Сорока назвал эту сокровищницу «пещерой Аладдина», и такое сравнение вполне соответствовало собранным здесь произведениям искусства из слоновой кости, хрусталя, фарфора, золота, серебра и самоцветов. Следуя жесту хозяина, мы остановились перед одним из шкафов, где на центральной полке лежала миниатюра, которую, к моему несчастью, Вессон положил себе в карман перед тем, как выйти из снятого Холмсом номера гостиницы «Клэридж».

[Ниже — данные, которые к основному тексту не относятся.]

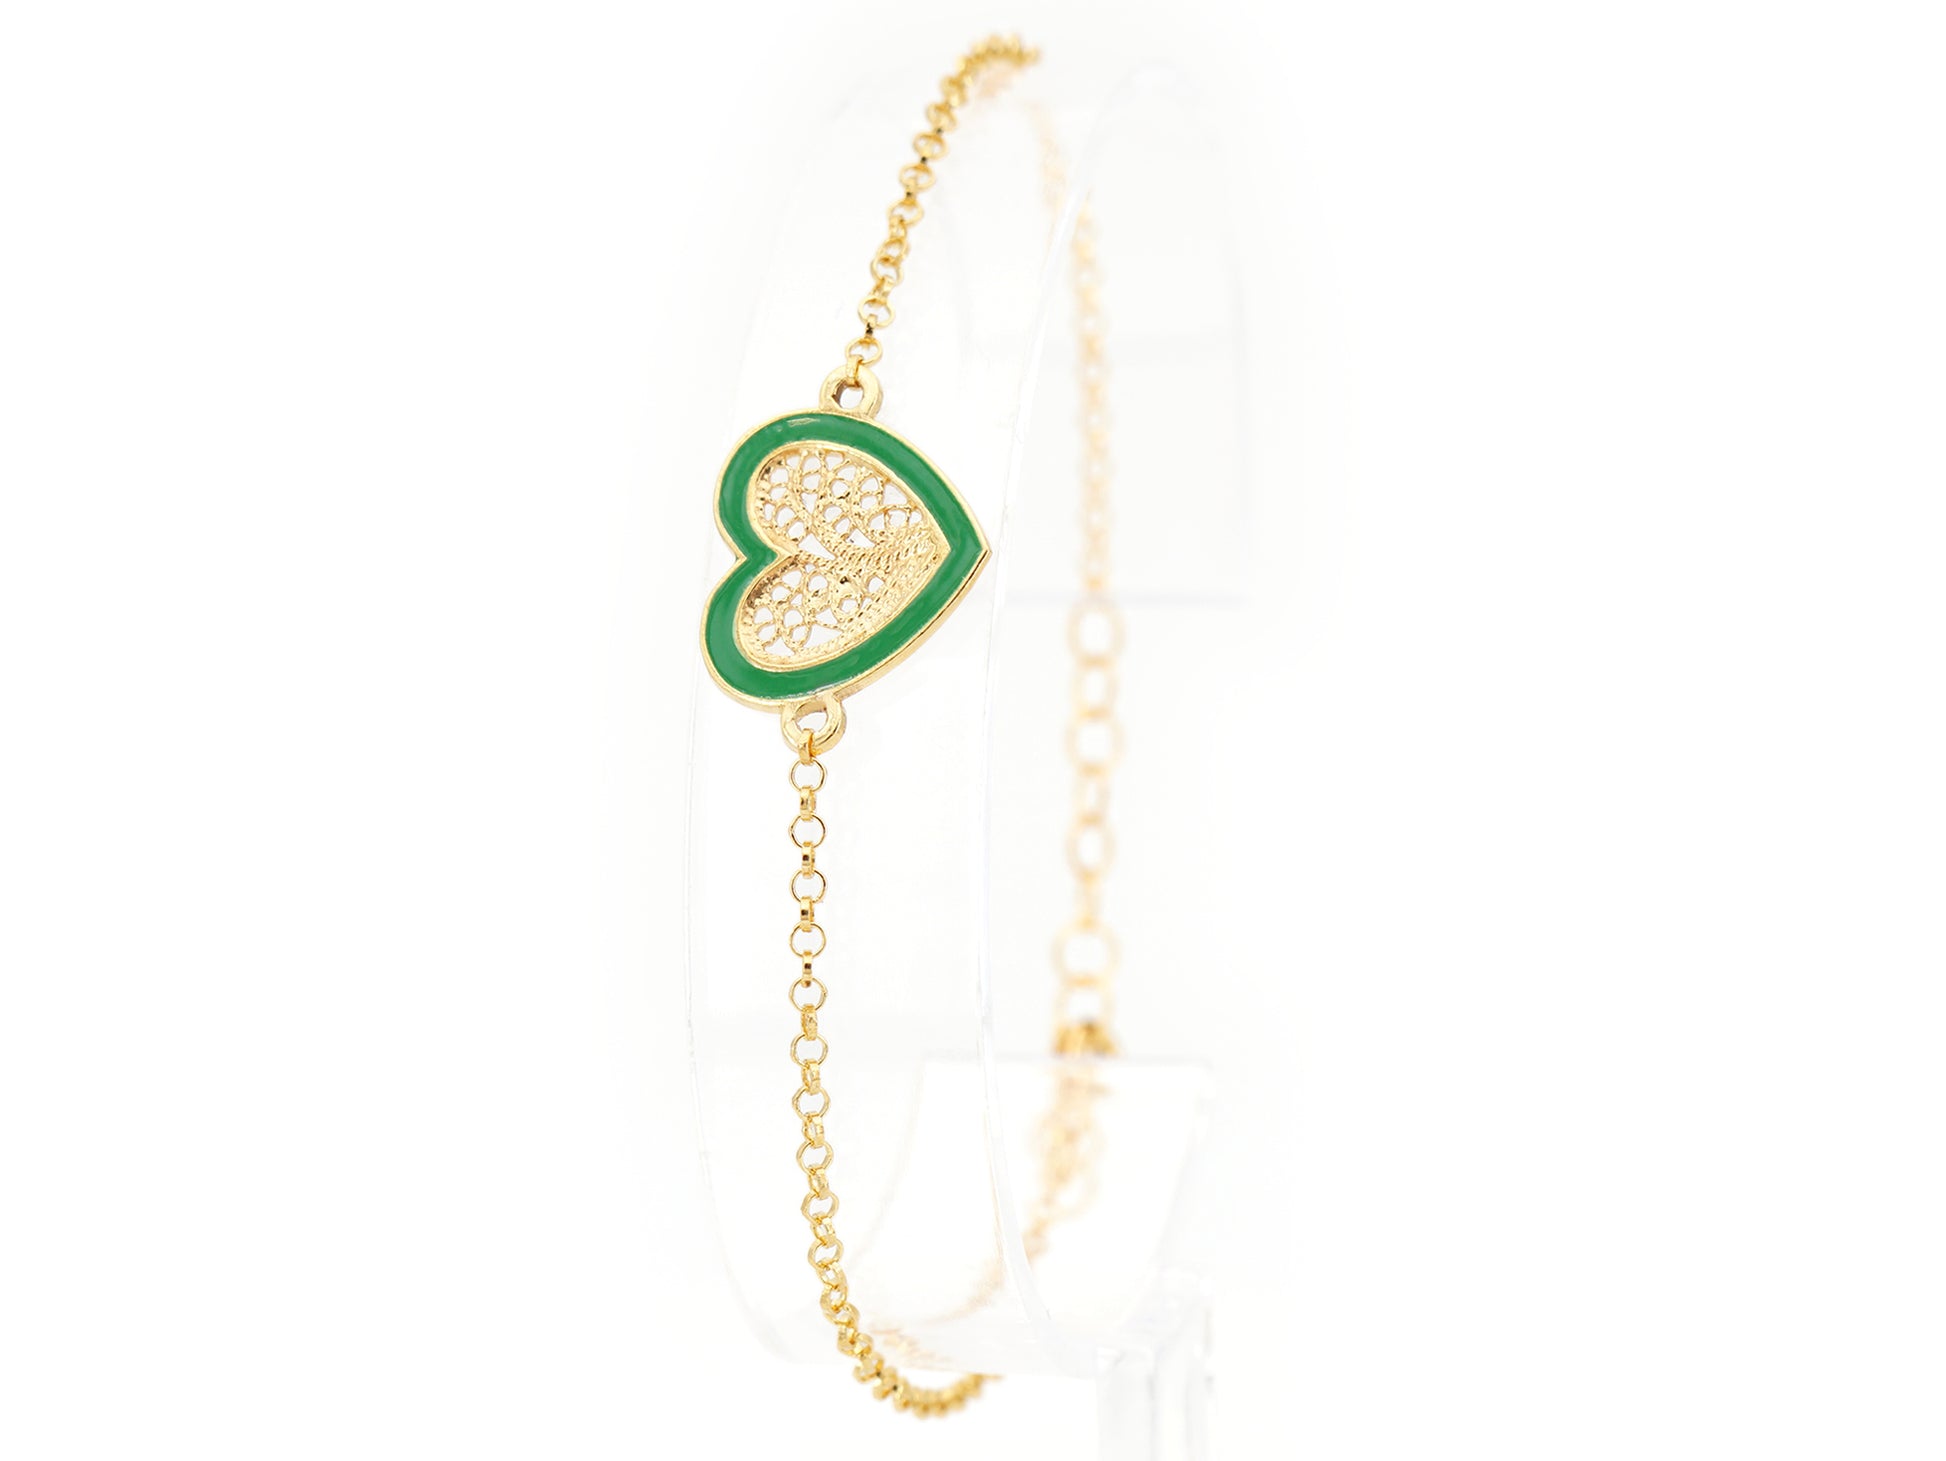 Pulseira Coração Médio Esmalte Verde, Filigrana Portuguesa, Prata de Lei 925 Dourada - Pulseira em exposição

Открыв дверцу шкафа, Сорока достал из него миниатюрный портрет, оглянулся на нас через плечо, и рот его скривился в некоем уродливом подобии улыбки.
— Восхитительная вещица, не правда ли? — спросил он. — Какая великолепная работа! Мне всегда нравились небольшие предметы, особенно с тех пор, как я начал терять зрение. Теперь я могу что-то увидеть, только когда подношу вещь к самым глазам, вот так. — С этими словами он взял иссохшей рукой портрет, поднес его к глазам и некоторое время пристально рассматривал. — Взгляните на улыбку, на мягкие завитки полос! И детстве прекрасное меня просто завораживало.